Katie Lobosco, a small business columnist and Forbes magazine contributor, made this point in a CNNMoney posting on January 14, 2014, entitled “Minimum Wage Hike Could Mean A Raise For All.” She cites an Economic Policy Institute prediction that, while a higher minimum wage, based on laws already in place, will directly affect 2.6 million workers, the total effect will include an additional 2 million workers.
money.cnn.com/2014/01/14/smallbusiness/minimum-wage-hike/index.html?iid=EL
The “ripple effect” does not account for the fact that a job that pays higher than minimum wage and gets increased in pay and in benefits tied to pay, like Social Security and Medicare taxes, 401(k) benefits and pensions, and workers and unemployment compensation taxes, is an even more visible target for job elimination.

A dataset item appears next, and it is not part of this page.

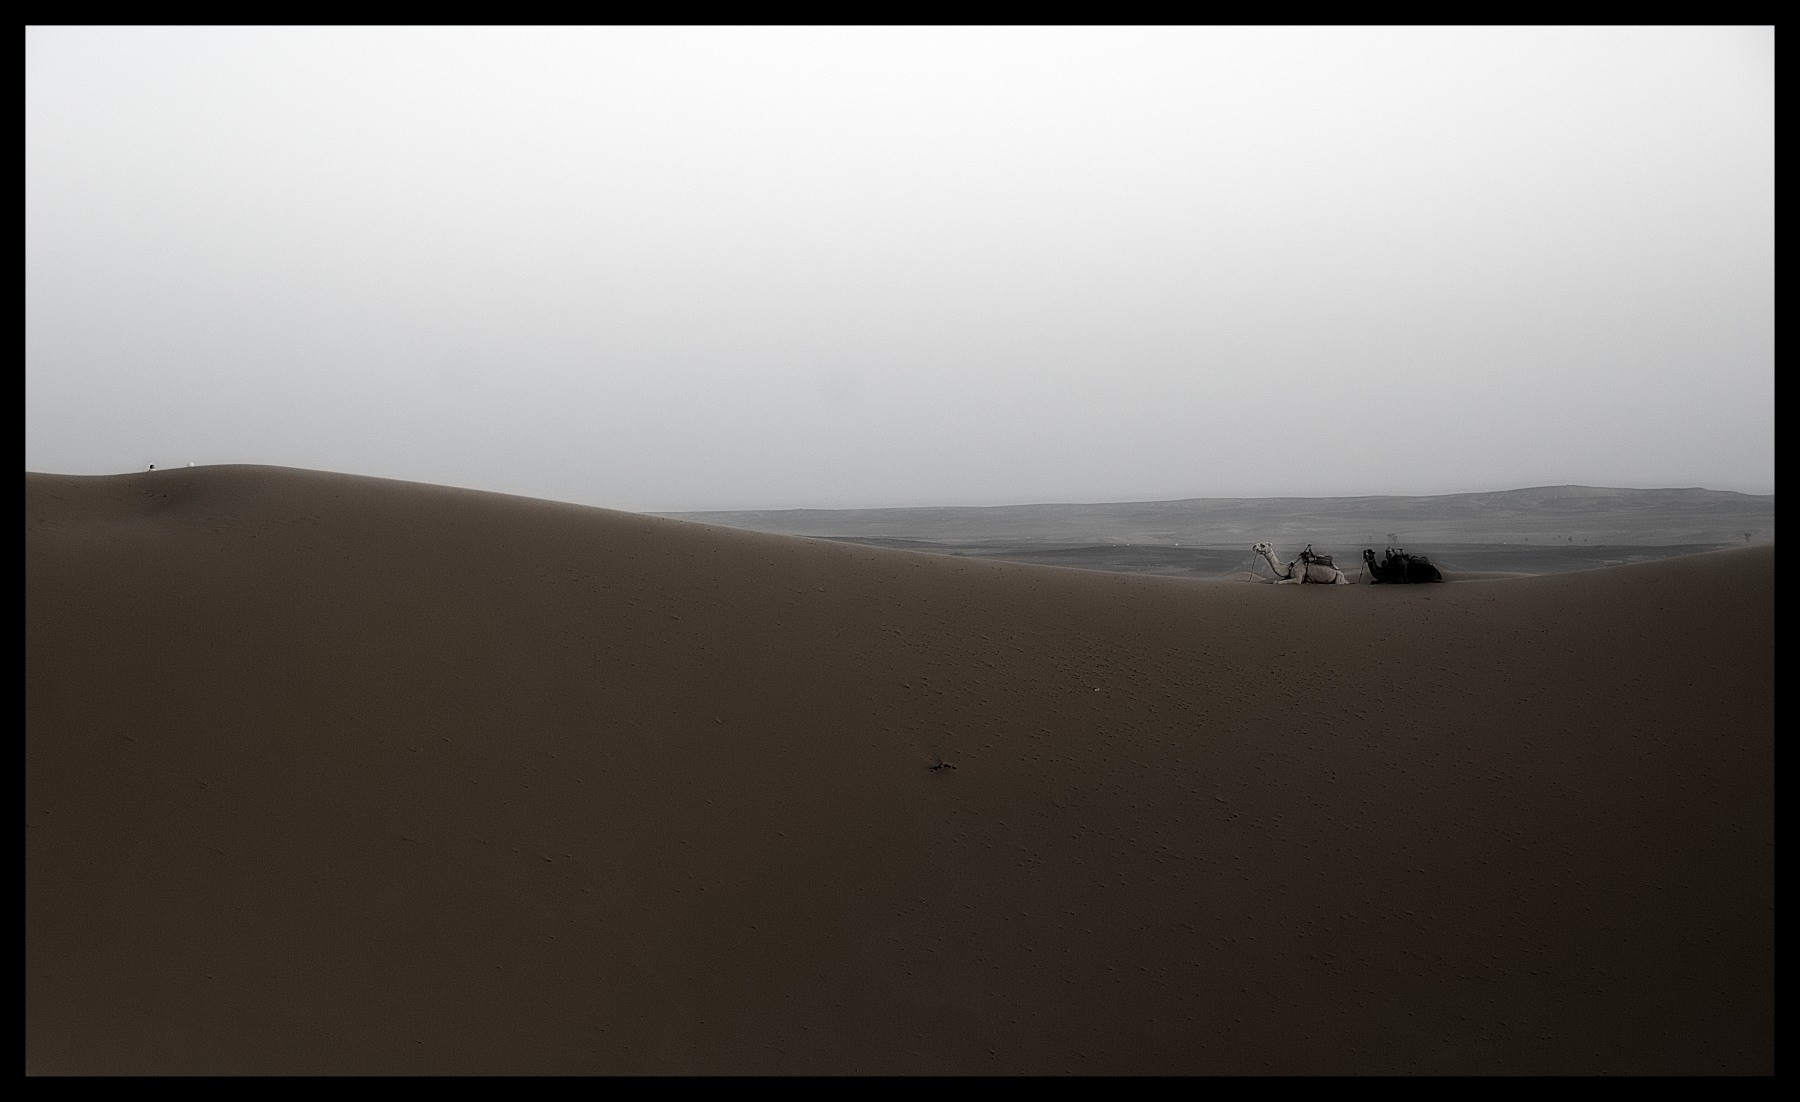 101218_DSC0054-camel Storie di Luce

Higher pay and benefits reduces the pool of jobs. The “ripple effect” simply expands the pool of jobs vulnerable to elimination.
So, if the narrative is conceptually flawed, why do politicians continue to use it? Both parties are dominated by their more extreme and ideological members. The narrative helps the party get elected and re-elected and pursue its entire agenda, not just the flawed agenda which it might use to get elected.